*** Begin section ***

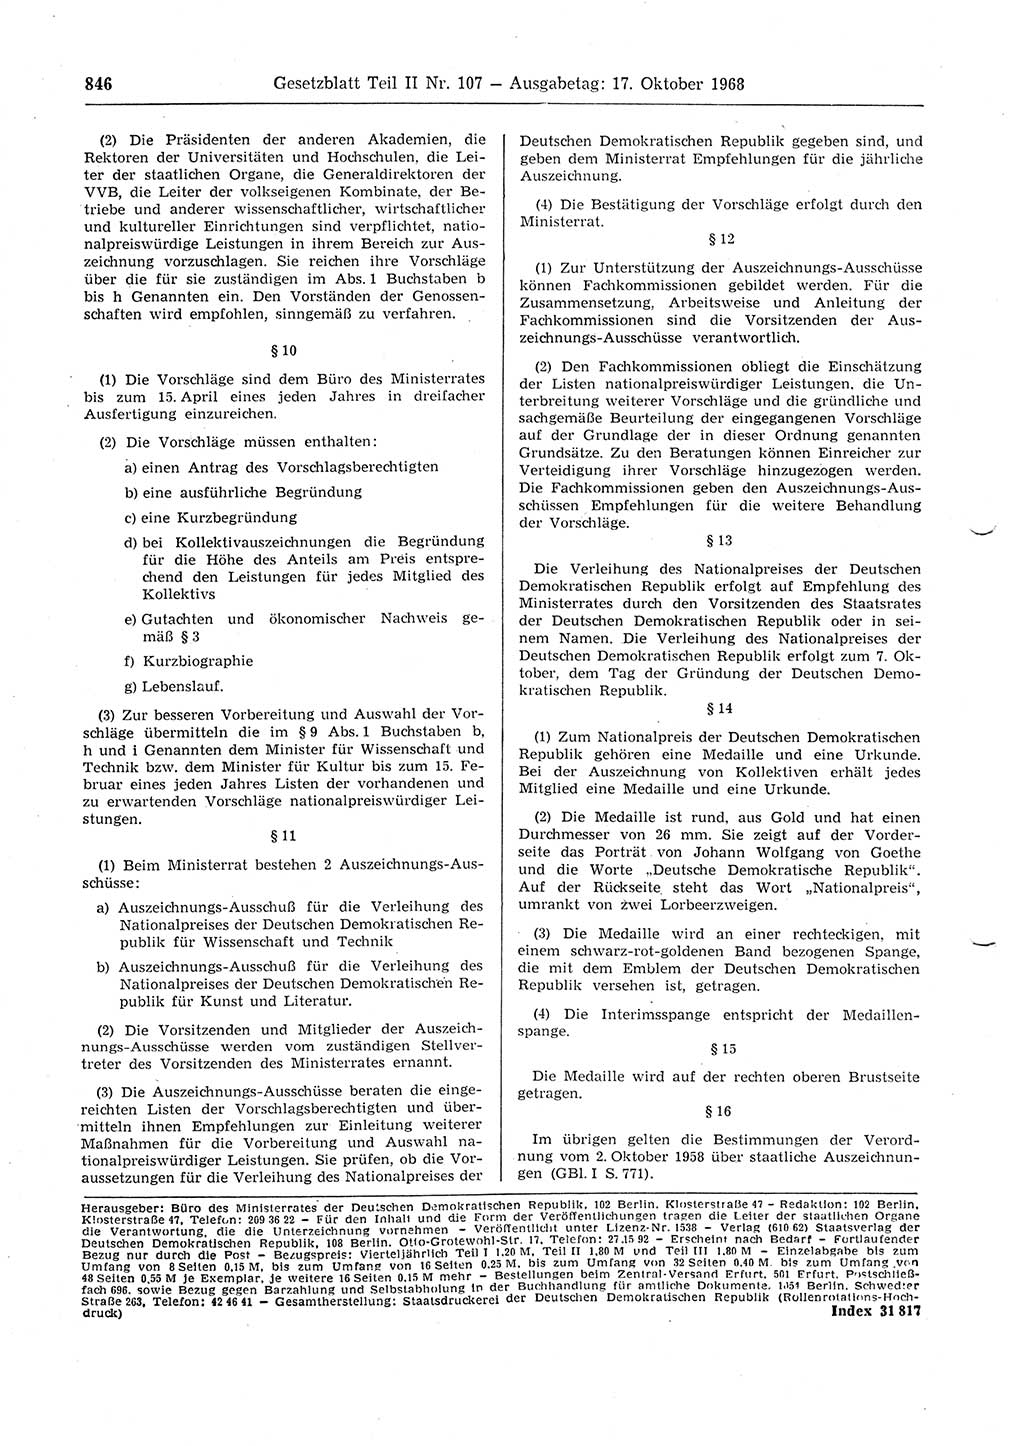 Gesetzblatt (GBl.) der Deutschen Demokratischen Republik (DDR) Teil ⅠⅠ 1968, Seite 846 (GBl. DDR ⅠⅠ 1968, S. 846)
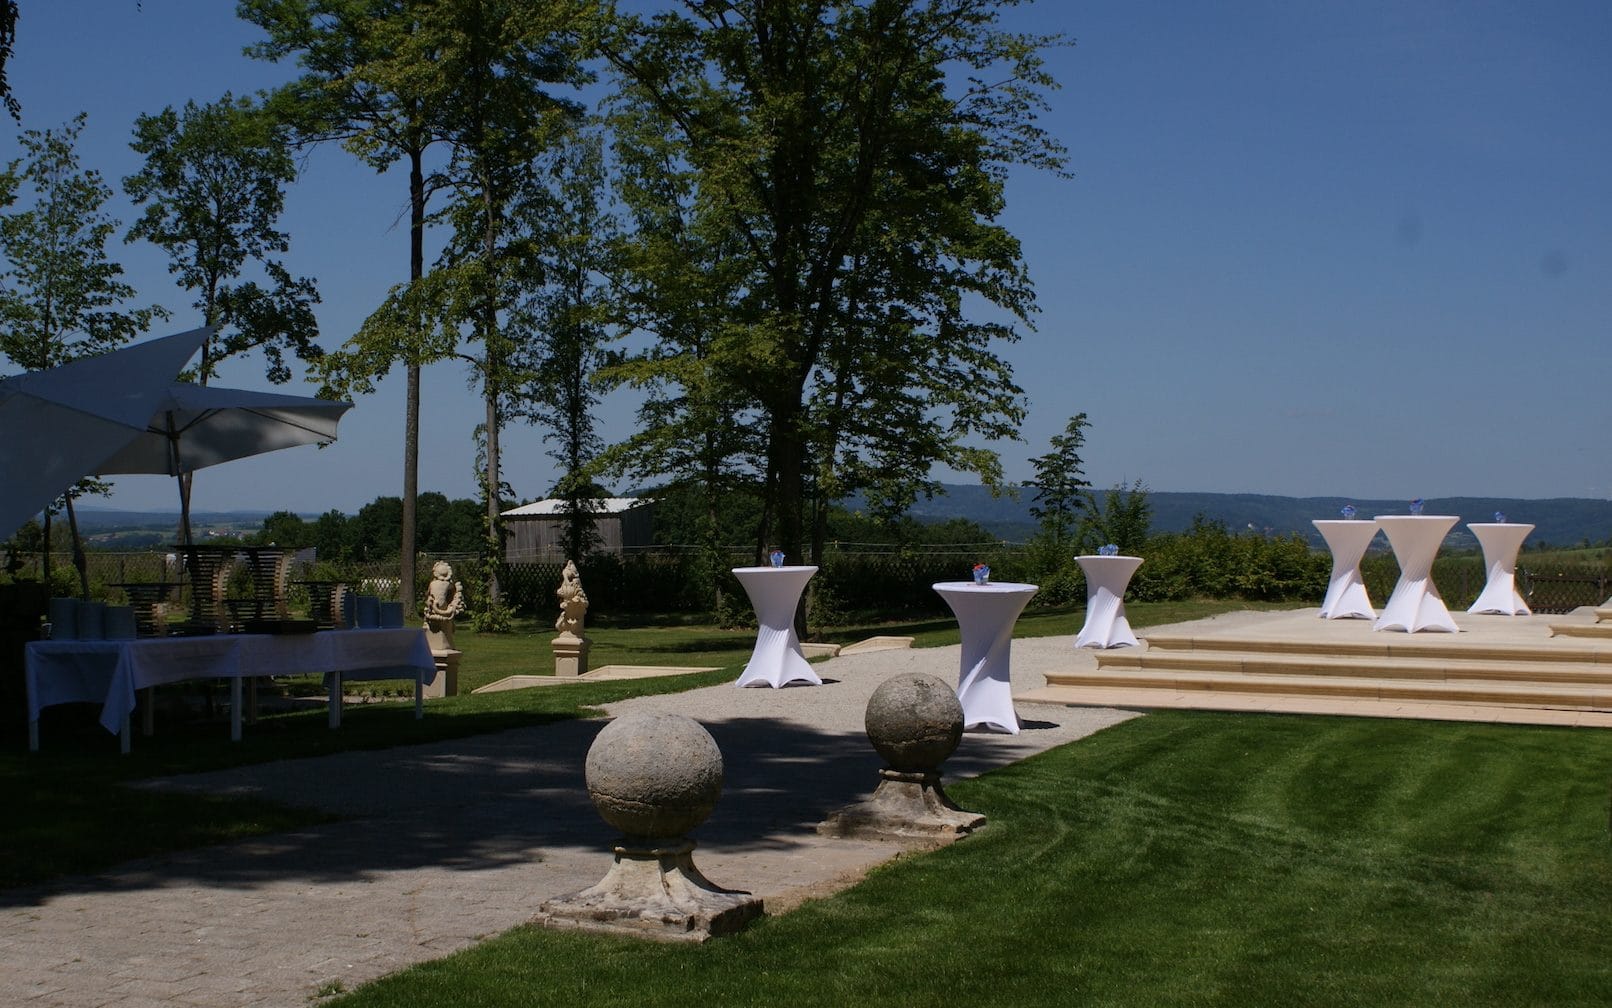 Schlossparkterasse im freien für geladene Gäste
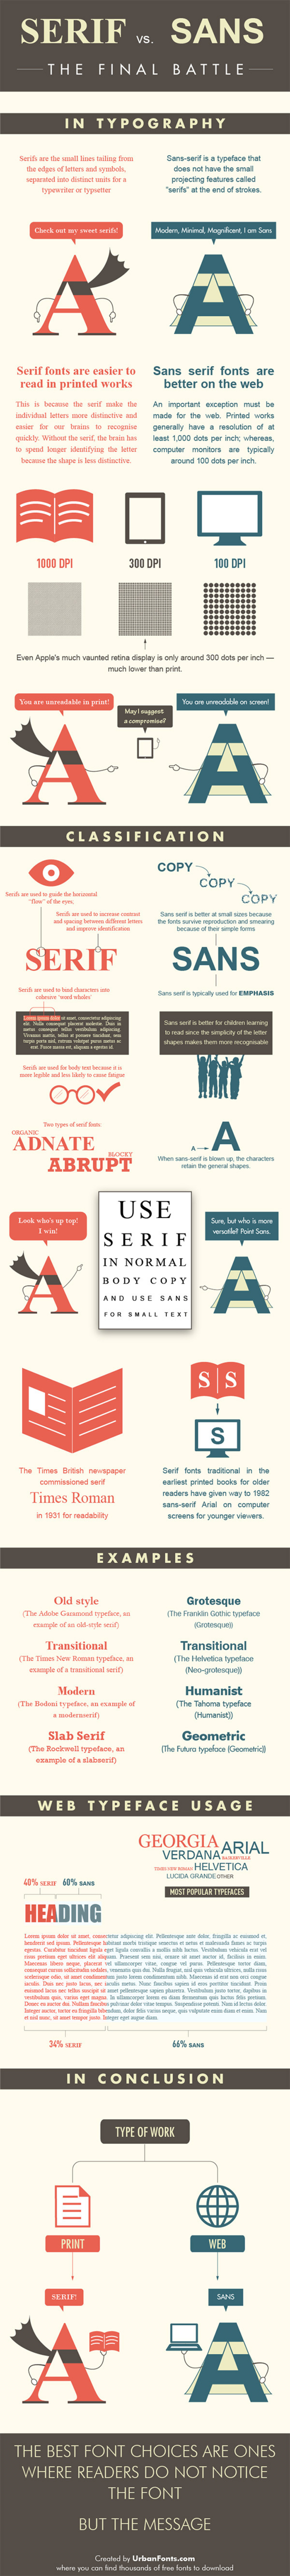 Serif vs Sans: The Final Battle In Typography [Infographic] | WebsiteDesign | Scoop.it
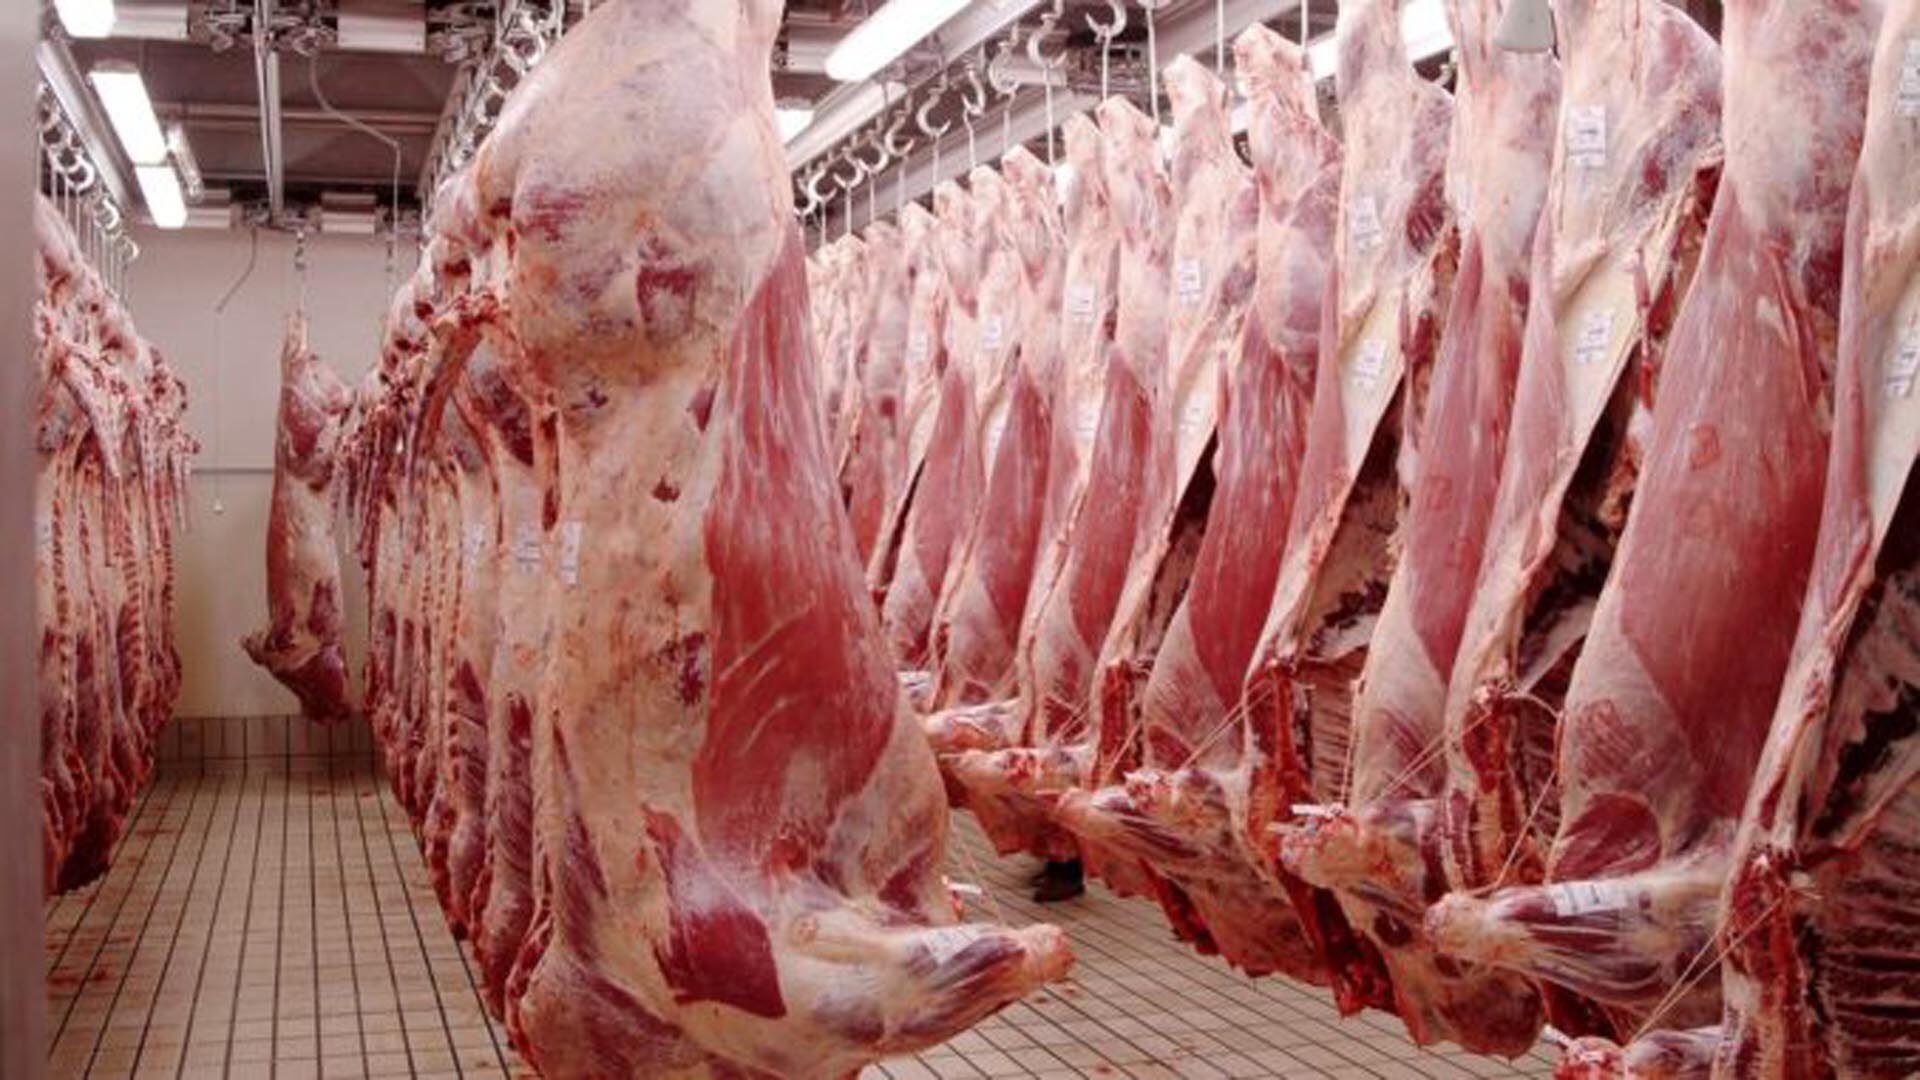 Siguen cayendo las exportaciones de carne vacuna y Argentina desaprovecha un escenario de altos precios internacionales.

*** End section ***

# Your objective
Ignoring the pictures, write out word for word the lines from the line containing "Serif vs Sans: The" through the end of the material above.

# Solved problem
 Serif vs Sans: The Final Battle In Typography [Infographic] | WebsiteDesign | Scoop.it
 Siguen cayendo las exportaciones de carne vacuna y Argentina desaprovecha un escenario de altos precios internacionales.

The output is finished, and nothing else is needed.